**Data:**

BEGIN

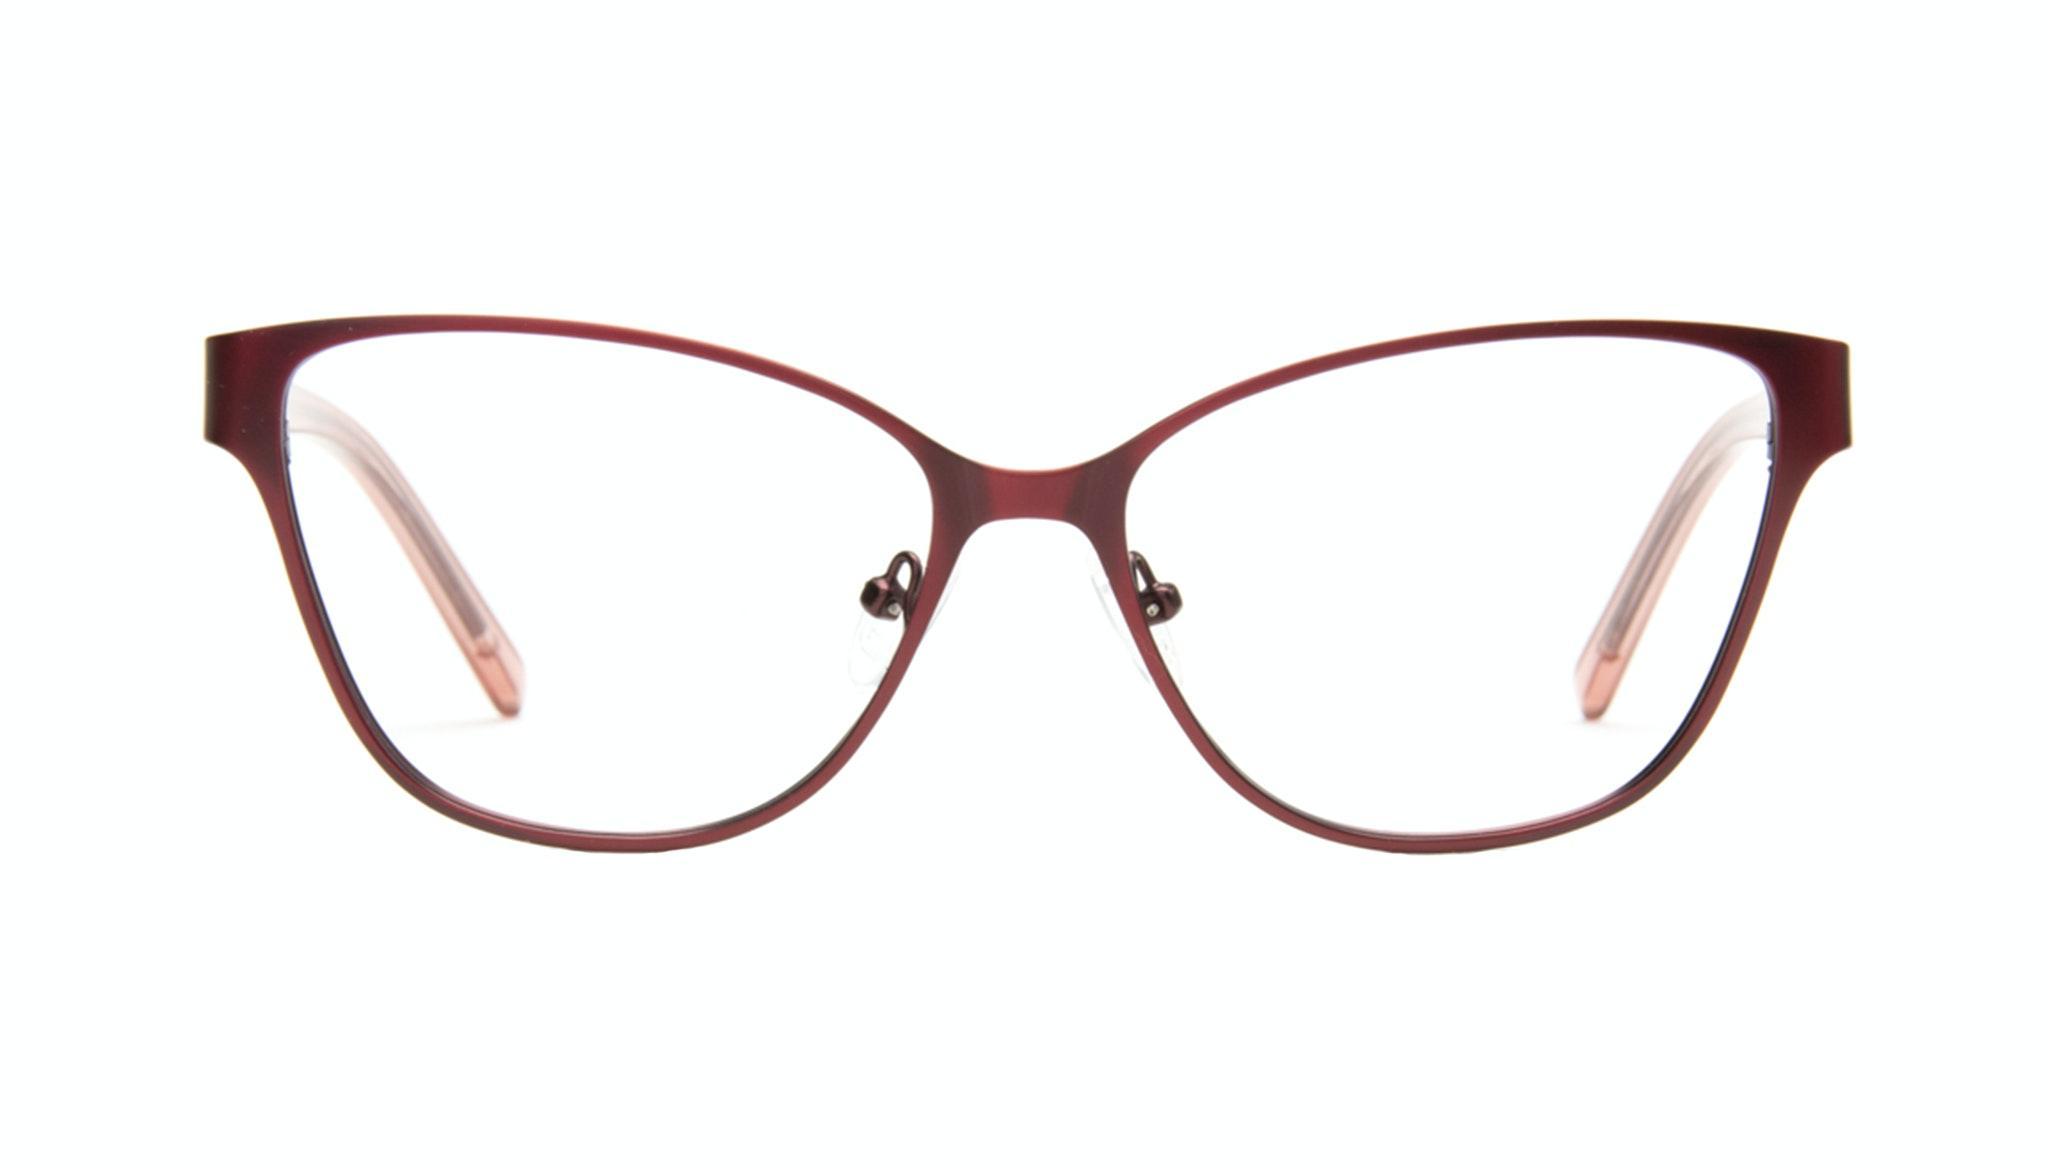 Affordable Fashion Glasses Rectangle Eyeglasses Women Radiant Cranberry Front
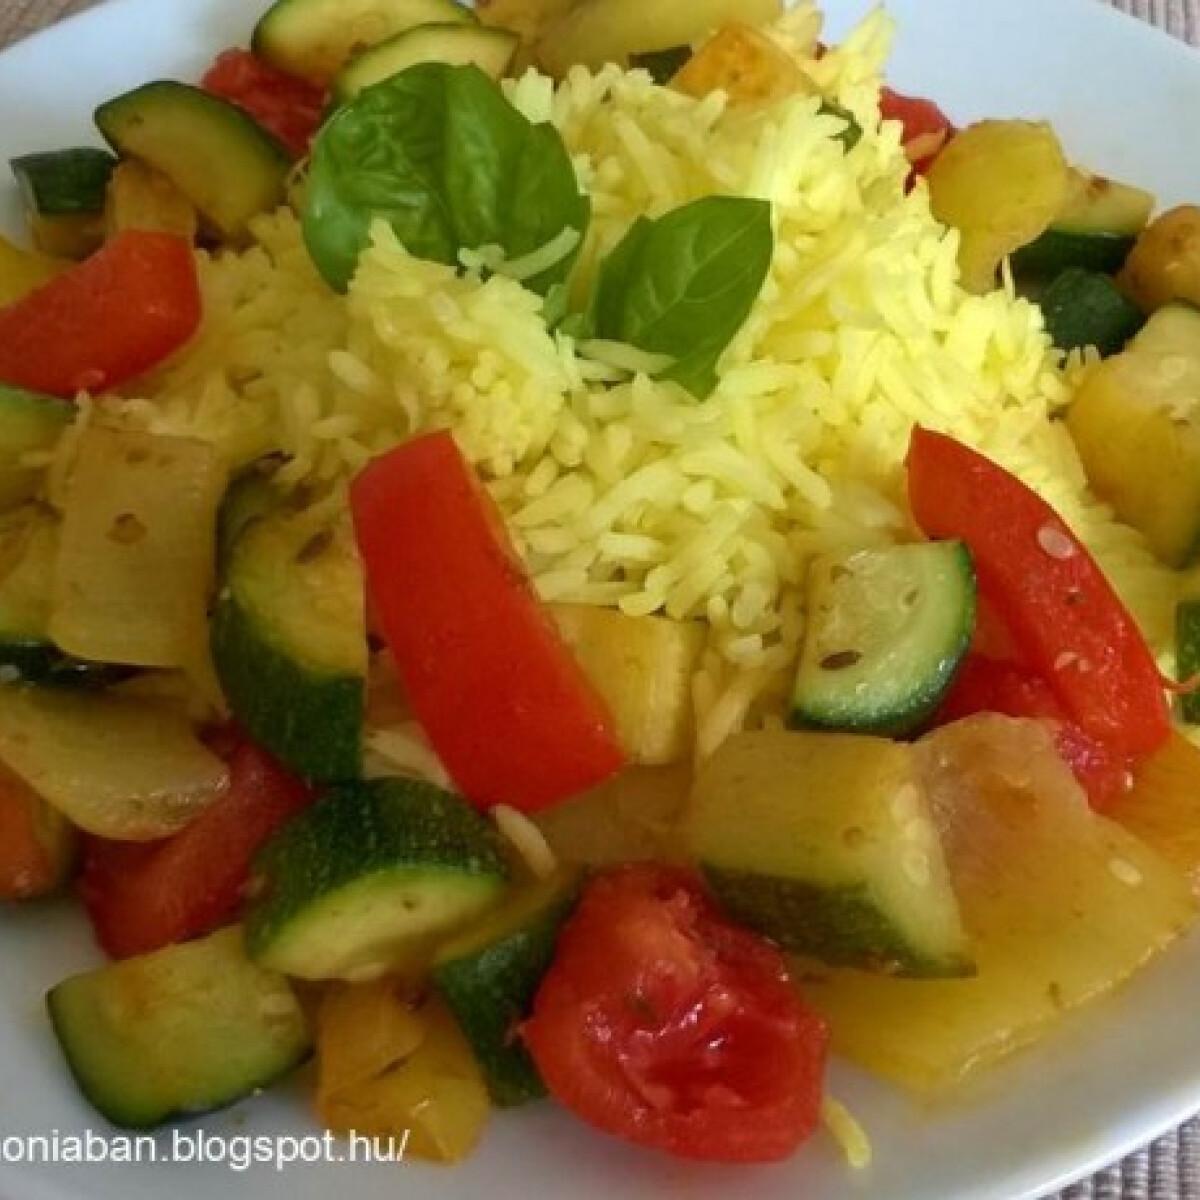 Cukkini-paprika-paradicsom - könnyű és gyors vacsora
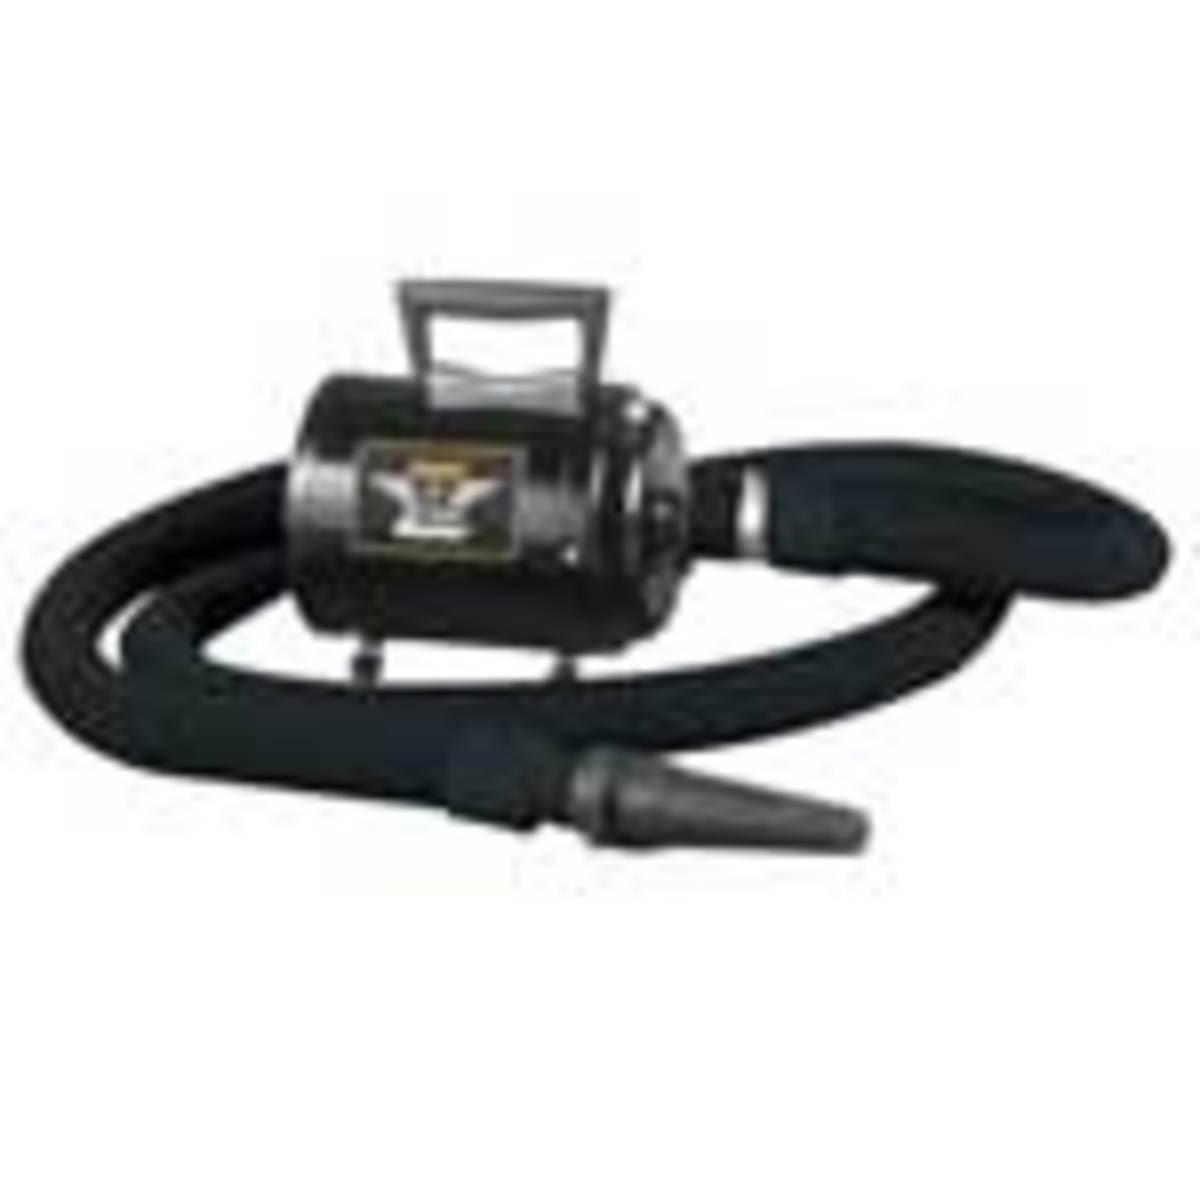 Force dryer. Air volume: 130 CFM. Air speed: 29,250 FPM. Heat: warm air (no heating element).  Motor: 4.0 HP. Amps: 9.5.

END

**Work item:**
Leave the pictures out and restate the listing word for word.

**Result of the exercise:**
 Affordable Fashion Glasses Rectangle Eyeglasses Women Radiant Cranberry Front
 Cukkini-paprika-paradicsom - könnyű és gyors vacsora
 Force dryer. Air volume: 130 CFM. Air speed: 29,250 FPM. Heat: warm air (no heating element).  Motor: 4.0 HP. Amps: 9.5.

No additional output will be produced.